Lo que reviste de poder los recuerdos de la infancia es la parte de misterio que hay en ellos. Los sucesos y los personajes del pasado parecen tener un doble fondo; creíamos conocerlos, pero, pasados los años, nos damos cuenta de que nos equivocábamos. Lo que parecía sencillo se rodea de sombras y secretos. En cambio, lo que entonces nos intrigaba queda reducido a pequeñas historias de herencias o adulterios, Así, la ignorancia y el atolondramiento del niño crean un mundo en parte transparente, pero en buena parte opaco. Tal vez por eso perdura en la memoria con colores tan vivos. «El conjuro», p. 275

Han pasado ya más de diez años del redescubrimiento de Irène Némirovsky (Kiev, 1903 – Auschwitz, 1942). Fue en 2004, cuando vio la luz Suite francesa, la novela inacabada que sus hijas conservaron en una maleta. Esta obra recibió el Prix Renaudot, pero, por encima del premio, se reconstituyó a una autora por aquel entonces olvidada, aunque en su momento, en el periodo de entreguerras, gozó de prestigio en Francia. Su trágica muerte, en el campo de concentración de Auschwitz a los treinta y nueve años, sin duda acrecentó el fenómeno; y también su vida, marcada por la huida de su tierra natal como consecuencia de la Revolución rusa, que la llevó a establecerse en Francia junto a su familia cuando aún era muy joven. Con todo, títulos como la mencionada Suite francesa o los que se han ido recuperando después (El baile, El ardor de la sangre, Los perros y los lobos...) confirmaron que Némirovsky no solo es una historia impactante, sino, y ante todo, una escritora fundamental de la primera mitad del siglo XX. La combinación de sus raíces rusas judías con su educación francesa, además, hace de ella una voz singular, una narradora del alma rusa en lengua francesa.

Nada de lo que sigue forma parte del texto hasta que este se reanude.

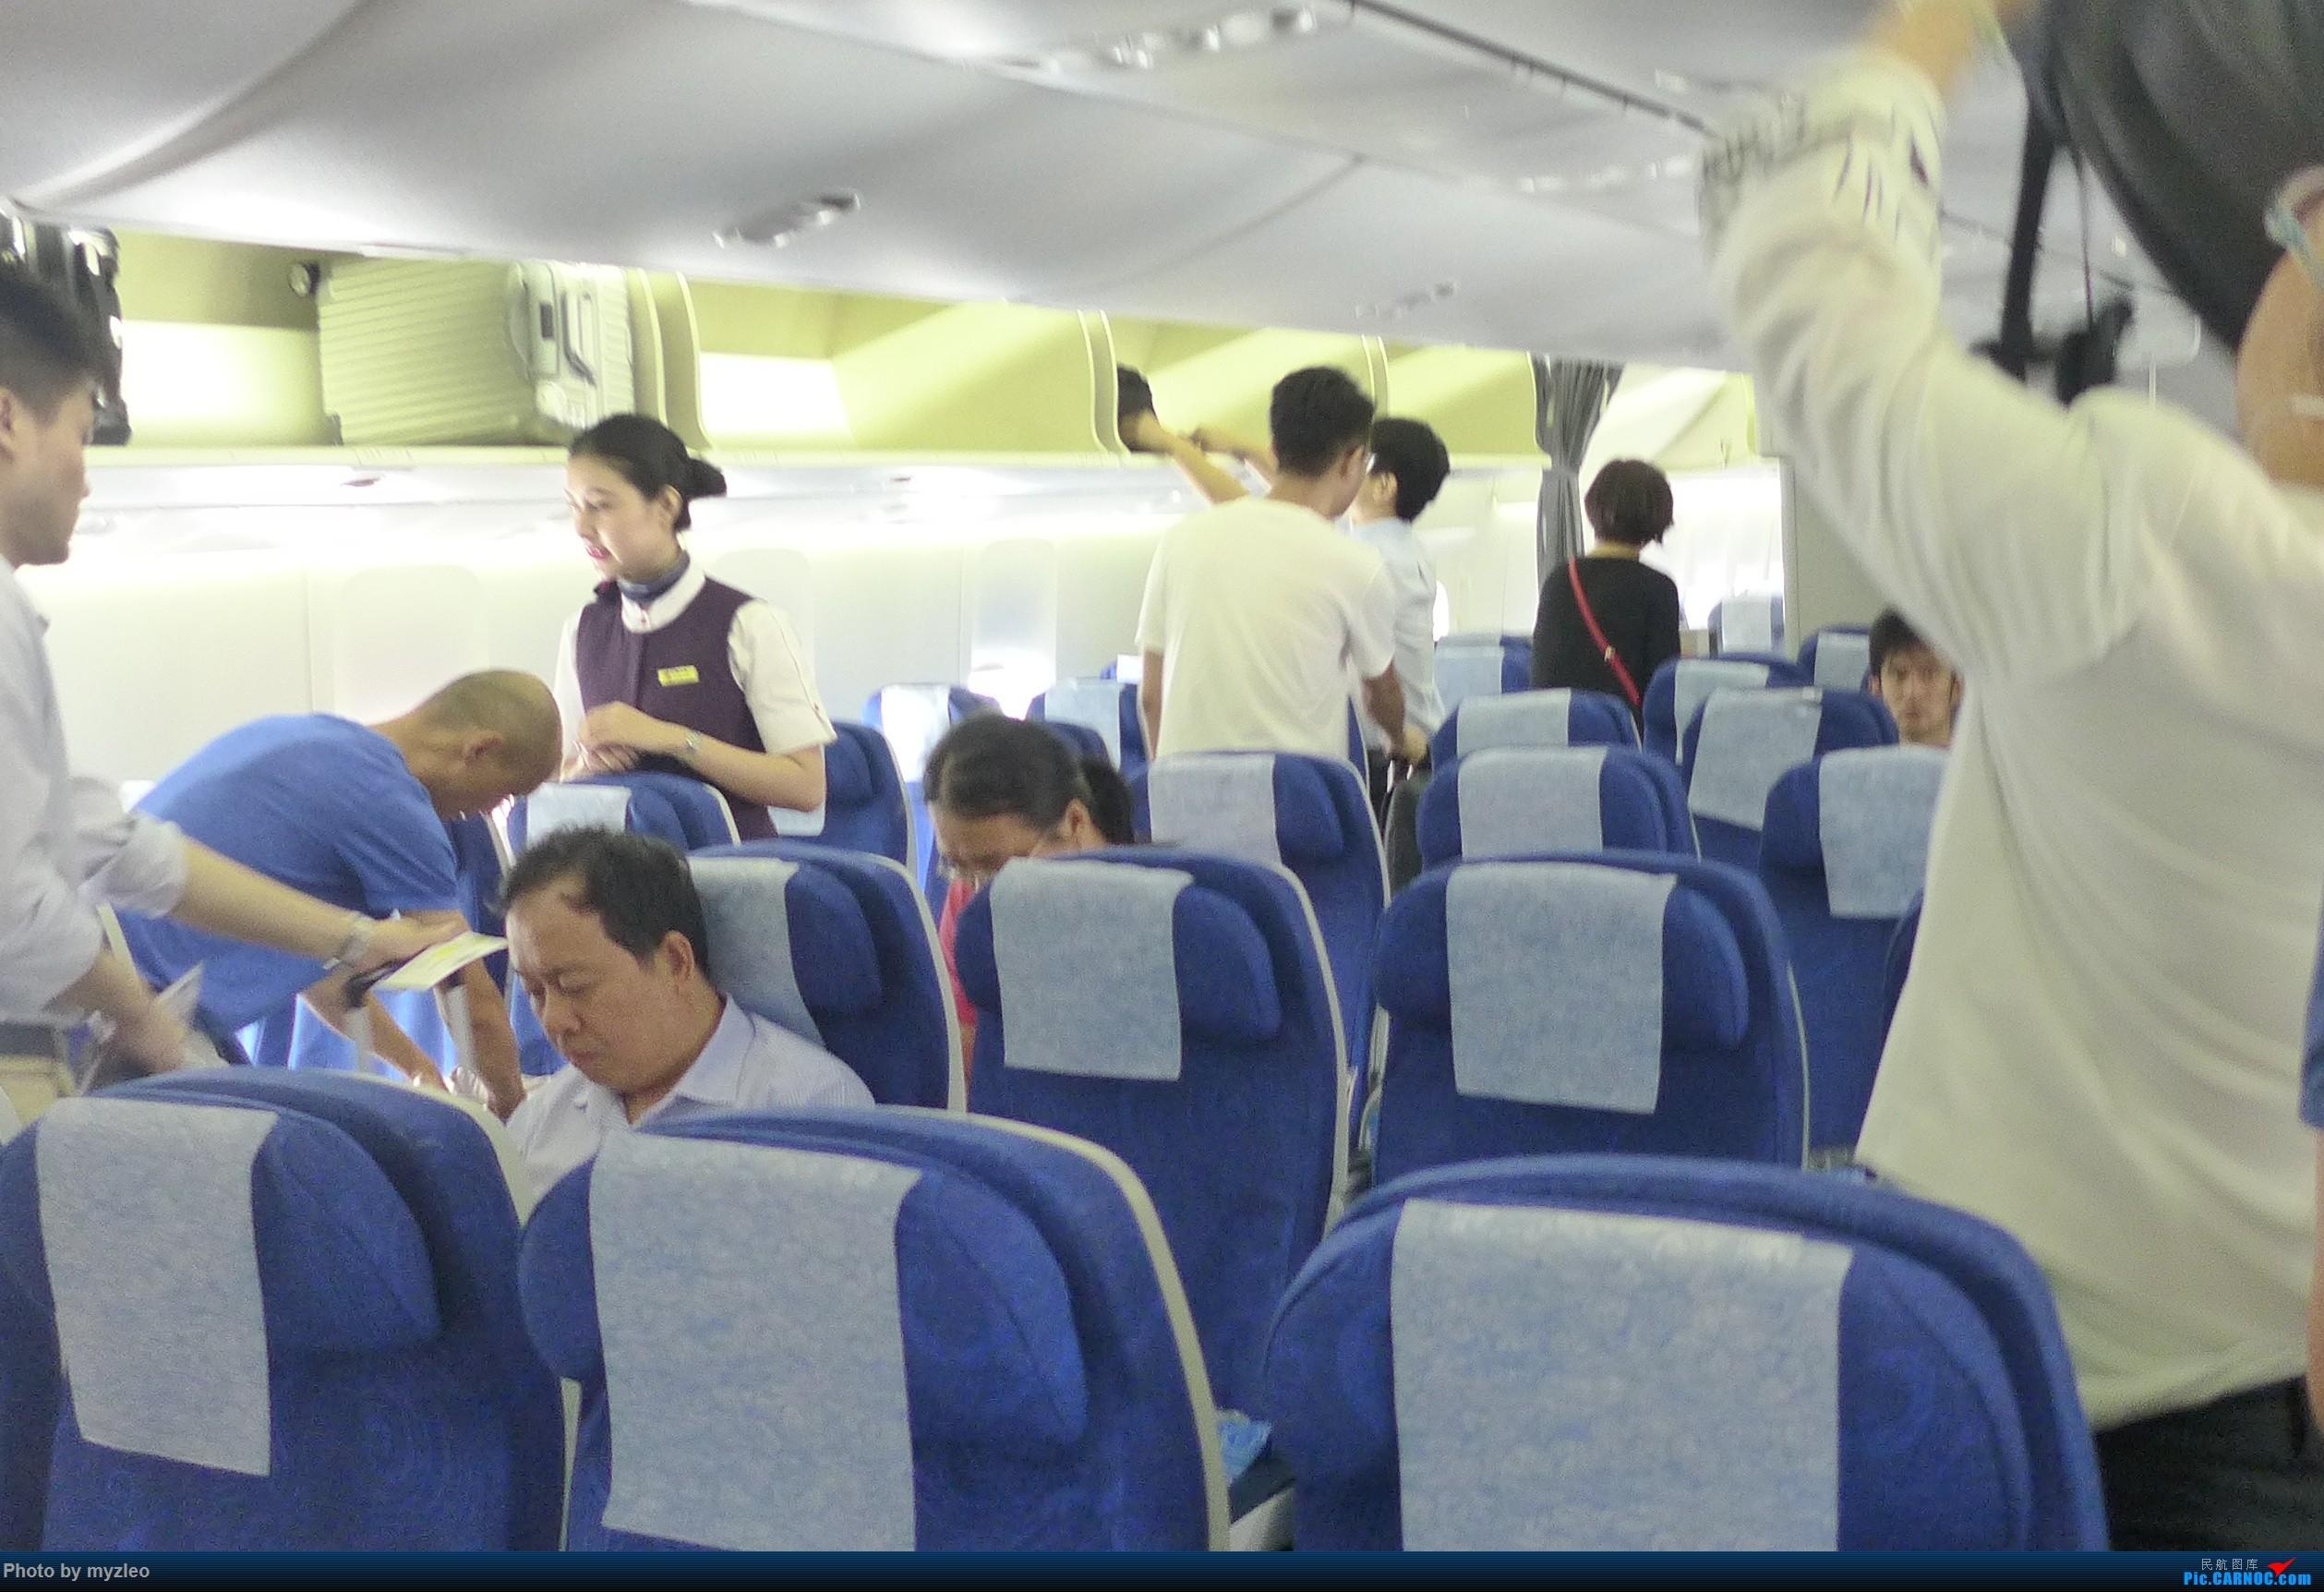 Re:[原创]【myzleo的游记3.1】三访帝都——记一次意外的惊喜,大鹅头初遇,第一次去中关村 BOEING 747-8I B-2486 中国上海虹桥国际机场

Han pasado más de diez años, sí, y durante este tiempo se ha traducido al castellano una decena de novelas (Némirovsky fue una escritora precoz y prolífica, por lo que, a pesar de su temprana muerte, dejó un importante corpus literario). Faltaban por traducir los relatos, que al fin han llegado este año: el volumen Domingo, que recoge cuentos publicados en diversos periódicos entre 1934 y 1942. A estas alturas, se podría desconfiar de esta publicación, se podría sospechar que, si no se publicó antes, tal vez no valga la pena, tal vez sea el enésimo intento de exprimir el fenómeno, de estirar y estirar el chicle. No: es un libro realmente bueno. Quienes hayan leído a la autora seguro que no se sorprenden por esta afirmación tan rotunda, porque Némirovsky era una gran admiradora del maestro del género, Chéjov, de quien incluso escribió una biografía (Vida de Chéjov). Domina la novela breve, así que era de esperar que también bordara los relatos. Si esta compilación no se tradujo antes, quizá habría que buscar las causas en el escaso interés que, por desgracia, suelen despertar los cuentos en los lectores (por mucho que el Nobel a Alice Munro o el éxito de Lucia Berlin los hayan reavivado).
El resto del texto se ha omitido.